The long series of operation will be duplicated.

items and pairs

The items and pairs iterator are special cased and implictly call if there is respectively one and two iteration variables hence:

for x in collection:
  echo x

will automatically call the items proc defined for the collection (or error)

for x, y in collection:
  echo x
  echo y

will automatically call the pairs proc defined for the collection (or error)

fields and fieldPairs

fields and fieldsPairs are iterator-like magic, that allow "iterating" on an object field. Note that those are unrolled at compile-time.

Closures and closure iterators

Will be covered in a dedicated section.

They are the backbone of Chronos, our async/await framework and also have a major potential for memory leaks.

template

templates in Nim allows raw code substitution.

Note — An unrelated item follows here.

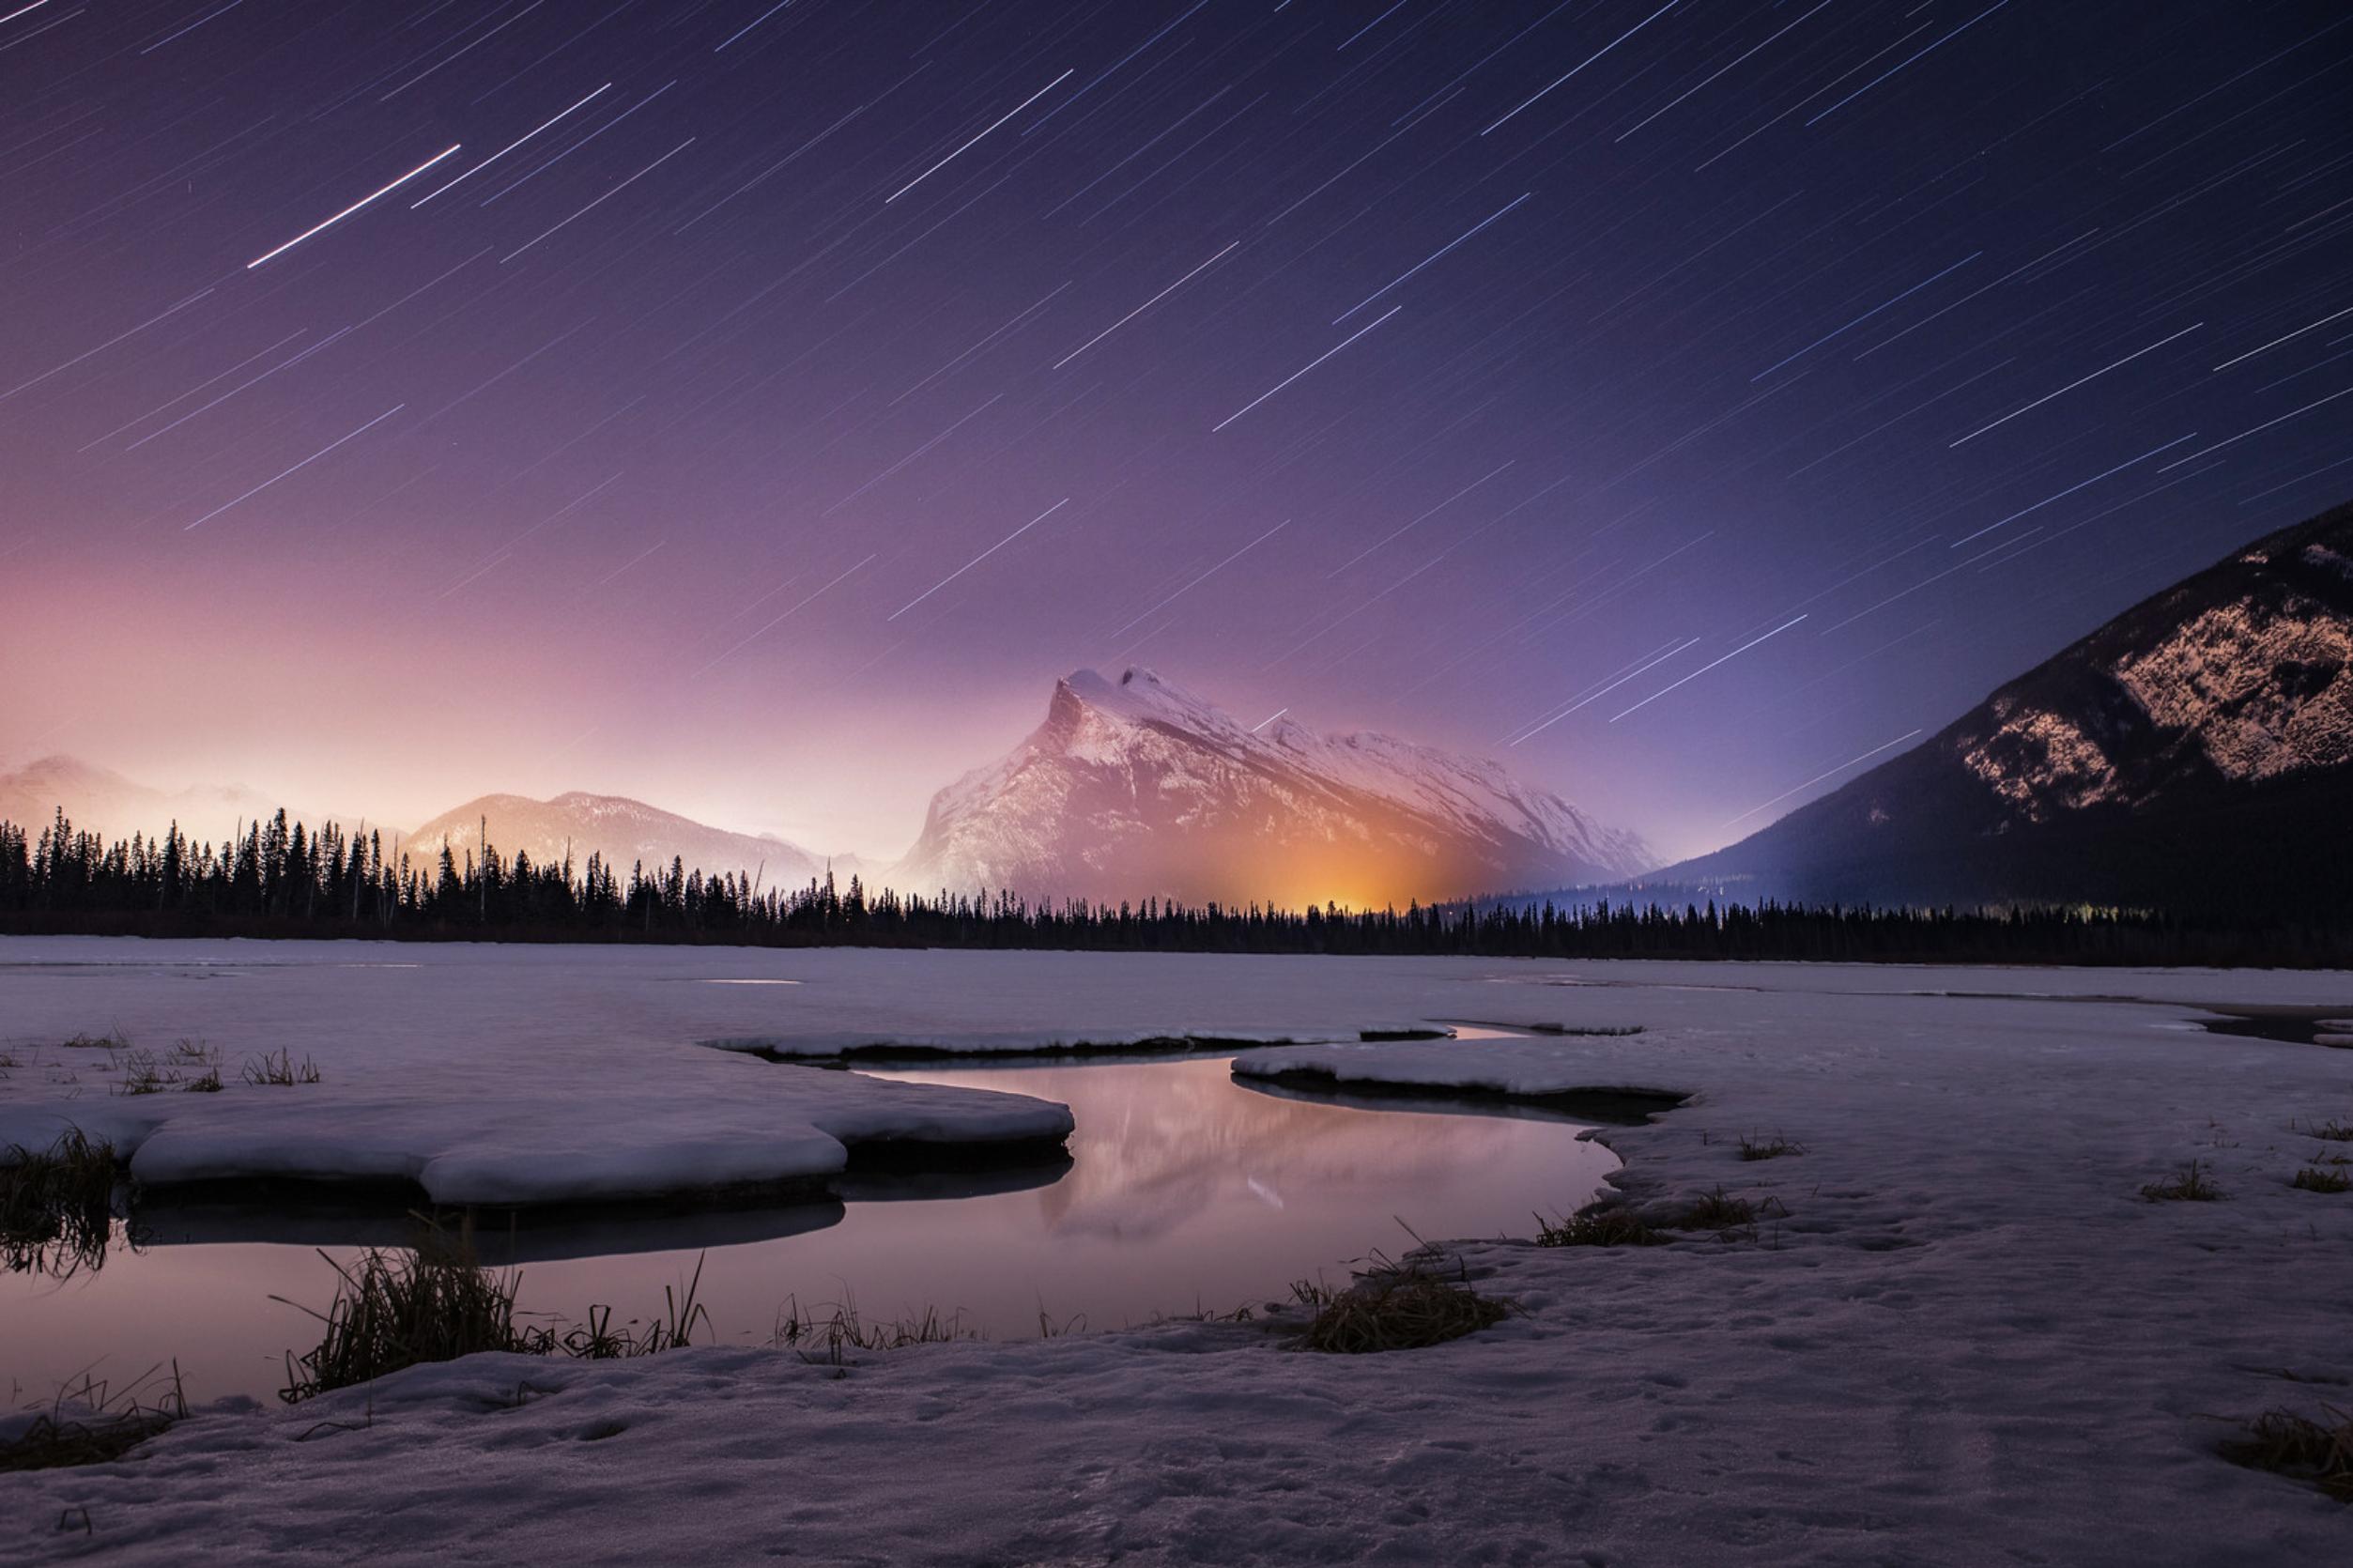 Zach Baranowski Photo Vermillion Lakes Banff National Park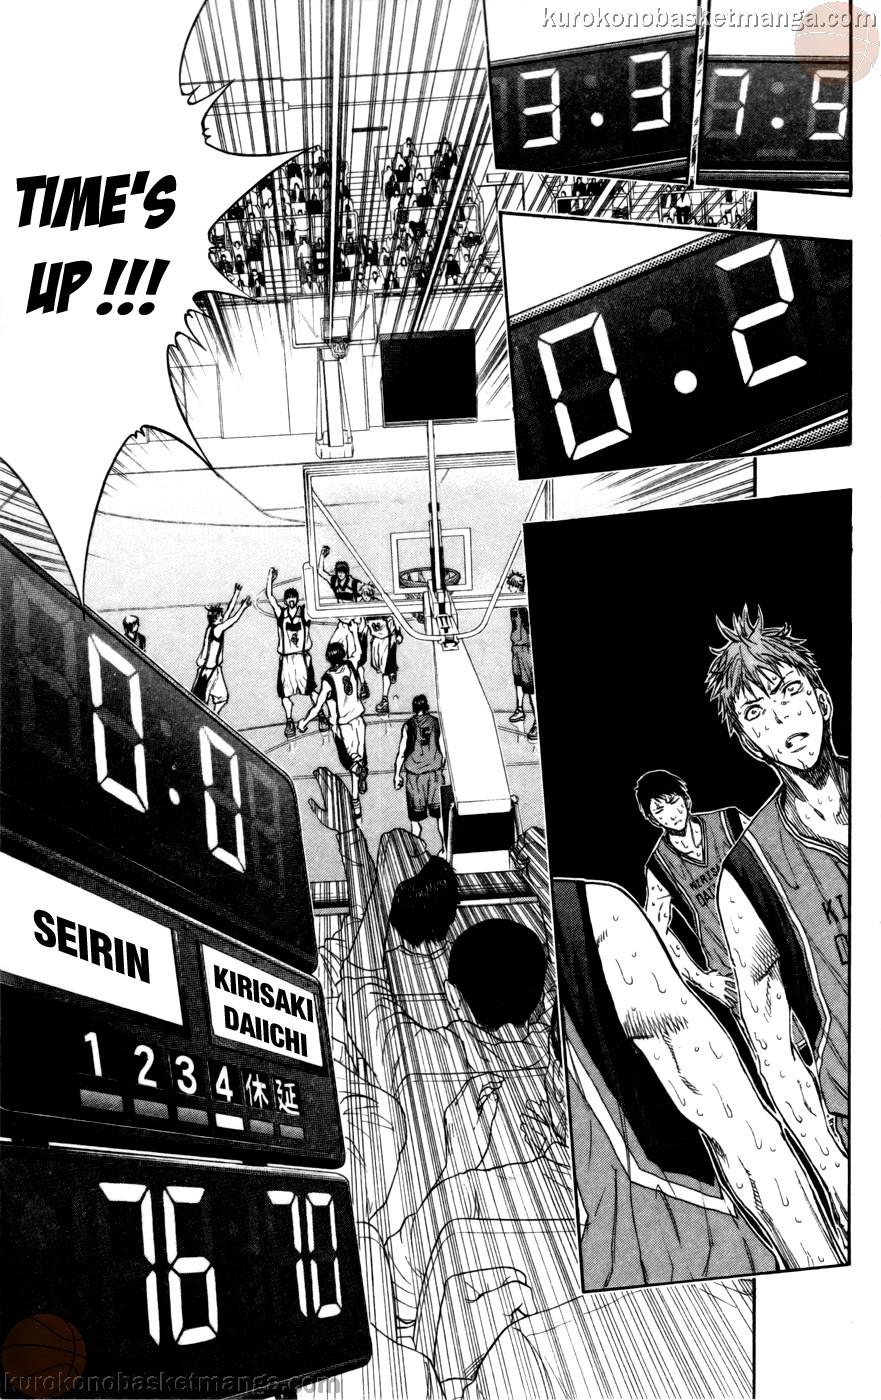 Kuroko no Basket Manga Chapter 107 - Image 18

templates are hygienic and typechecked unlike the C preprocessor. Also they create their own scope unless tagged with the {.dirty.} pragma.

A major issue with templates is that as they "copy-paste" code, it is very easy to misuse them and do a computation twice.

For instance

proc foo(): int =
  echo "launch missile"
  return 1

template doSomething(a: int) =
  process(a)
  log(a)

This would be transformed to:

process(foo())
log(foo())

and triggers the "launch missile" side-effect twice.

Another issue with templates is that they may not generate stacktraces properly as they are not materialized in the C code.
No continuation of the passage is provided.